Effekt von Carvedilol auf die Morbidität bei Patienten mit schwerer Herzinsuffizienz – Resultate der COPERNICUS-Studie.

Titel

Effect of carvedilol on the morbidity of patients with severe chronic heart failure: results of the carvedilol prospective randomized cumulative survival (COPERNICUS) study.

 

Autoren

Packer M, Fowler MB, Roecker EB, Coats AJ, Katus HA, Krum H, Mohacsi P, Rouleau JL, Tendera M, Staiger C, Holcslaw TL, Amann-Zalan I, DeMets DL; Carvedilol Prospective Randomized Cumulative Survival (COPERNICUS) Study Group.

 

Quelle

Circulation 2002 Oct 22;106(17):2194-9

 

Abstract

 

 

Fragestellung 

Ziel der COPERNICUS-Studie bestand darin, den Einfluss von Carvedilol, einem nicht-selektiven Betablocker (mit a- und b-Rezeptoreneffekt), auf den Krankheitsverlauf bei Patienten mit schwerer Herzinsuffizienz zu prüfen.

 

Hintergrund

Bei Patienten mit leichter bis mittelschwerer Herzschwäche (Herzinsuffizienz) sind Betablocker in der Therapie seit einiger Zeit etabliert. In diesem Patientenkollektiv werden durch die Behandlung mit Betablocker die Überlebensrate verbessert, die Hospitalisationen verringert und die Leistungsfähigkeit gesteigert.

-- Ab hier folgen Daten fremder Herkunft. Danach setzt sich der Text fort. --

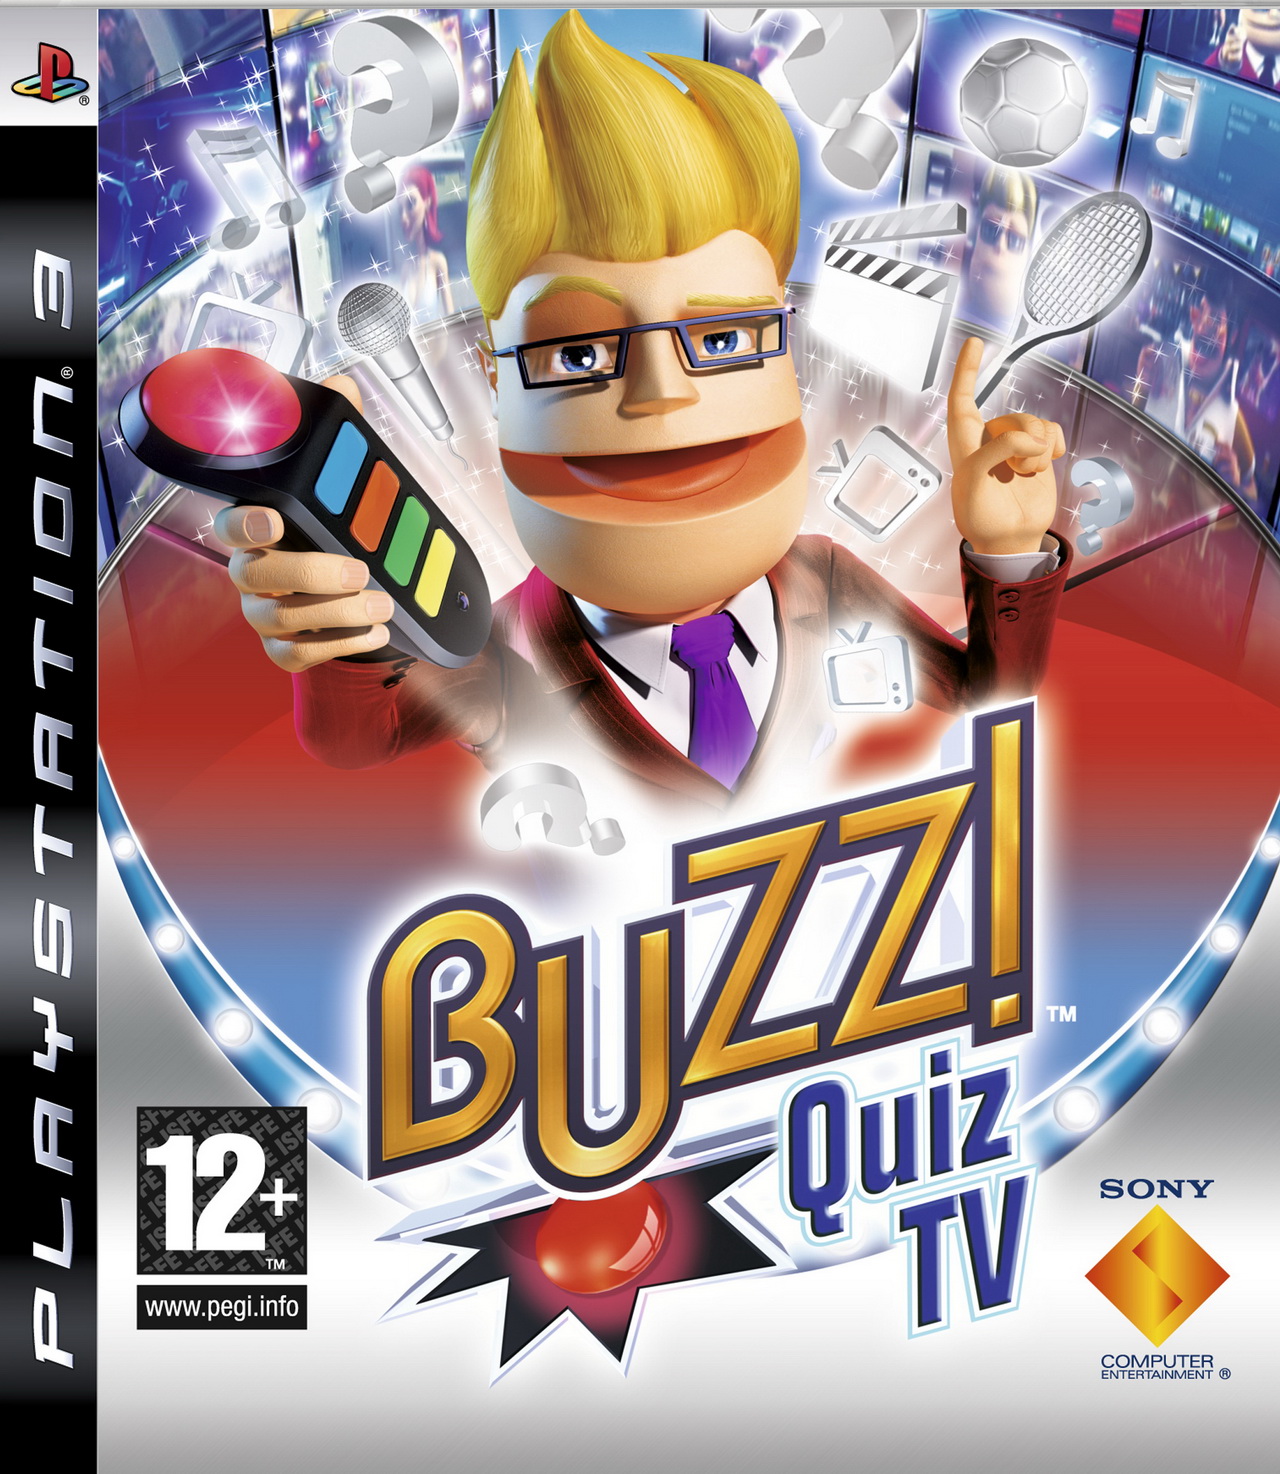 Buzz ! Quiz TV

Ob bei Patienten mit schwerer Herzinsuffizienz eine ähnlich vorteilhafte Wirkung erzielt werden kann, war bisher unklar.

 

Methoden

In die Studie eingeschlossen wurden Patienten mit schwer eingeschränkter Pumpfunktion des linken Herzens (linksventrikuläre Auswurffraktion < 25%) welche unter Atemnot oder Ermüdung in Ruhe oder bei minimaler Anstrengung litten.

 

Geeignete Patienten kamen in eine von zwei möglichen Studiengruppen, Carvedilol oder Placebo. Die Zuteilung erfolgte im Doppelblindverfahren mit einer 1:1-Verteilung. Somit kannten weder die Patienten noch die betreuenden Ärzte den effektiven Inhaltsstoff (Carvedilol oder Placebo) der verabreichten Studienmedikation.

 

Das Studienmedikament wurde in Ergänzung zur angestammten Herzinsuffizienzbehandlung der Patienten verabreicht. Die Basistherapie bestand – entsprechend etablierter Richtlinien – aus einem Diuretikum zur Regulation des Flüssigkeitshaushaltes und einem Angiotensin Converting Enzyme Hemmer (ACE-Hemmer) oder einem Angiotensin II-Receptor-Antagonisten (AT II-Antagonist), sofern diese Medikamente gut toleriert wurden. Auch andere notwendige medikamentöse Behandlungen waren erlaubt, mit Ausnahme der Gabe von a-Block-ern, Kalzium-Antagonisten oder Klasse I-Antiarrhythmika während der letzten 4 Wochen sowie von Betablockern während der letzten 2 Monate vor Studieneinschluss. Ferner musste die letzte Verabreichung intravenöser, positiv inotroper (die Schlagkraft des Herzens steigernder) Medikamente oder intravenöser Vasodilatatoren (das Gefäss-Bett erweiternde Medikamente) bei Einschluss mehr als 4 Tage zurückliegen. Von der Studie ausgeschlossen wurden ausserdem Patienten mit Bedarf an Intensivpflege, fortwährender Hospitalisationsbedürftigkeit oder erheblicher Flüssigkeitsretention (Überwässerung).

 

Die Studienmedikation (Carvedilol oder Placebo) wurde 2 x täglich verabreicht, wobei die Patienten anfangs 2 x 3.125 mg Carvedilol oder Placebo erhielten. Bei guter Verträglichkeit erfolgte in zweiwöchentlichen Abständen eine Dosissteigerung bis zu einer Zieldosis von 2 x 25 mg Carvedilol oder Placebo. Sofern erforderlich konnten die Dosen der Studienmedikation sowie der übrigen kardialen Medikamente im Verlauf jederzeit angepasst werden.

 

Als primärer Endpunkt wurde die Mortalität (Überlebensrate) in den beiden Studiengruppen untersucht, wobei die Ursache des Todes in der Auswertung nicht berücksichtigt wurde (sogenannte all-cause-Mortalität).

 

Als sekundäre Endpunkte wurden das kombinierte Risiko für Tod oder Hospitalisation jedwelcher Ursache, das Risiko für Tod oder kardiovaskuläre Hospitalisation und das Risiko für Tod oder Hospitalisation infolge Herzinsuffizienz analysiert. Als weiterer Endpunkt wurde das subjektive Allgemeinbefinden des Patienten im Vergleich zur Ausgangssituation bei Studienbeginn erfragt.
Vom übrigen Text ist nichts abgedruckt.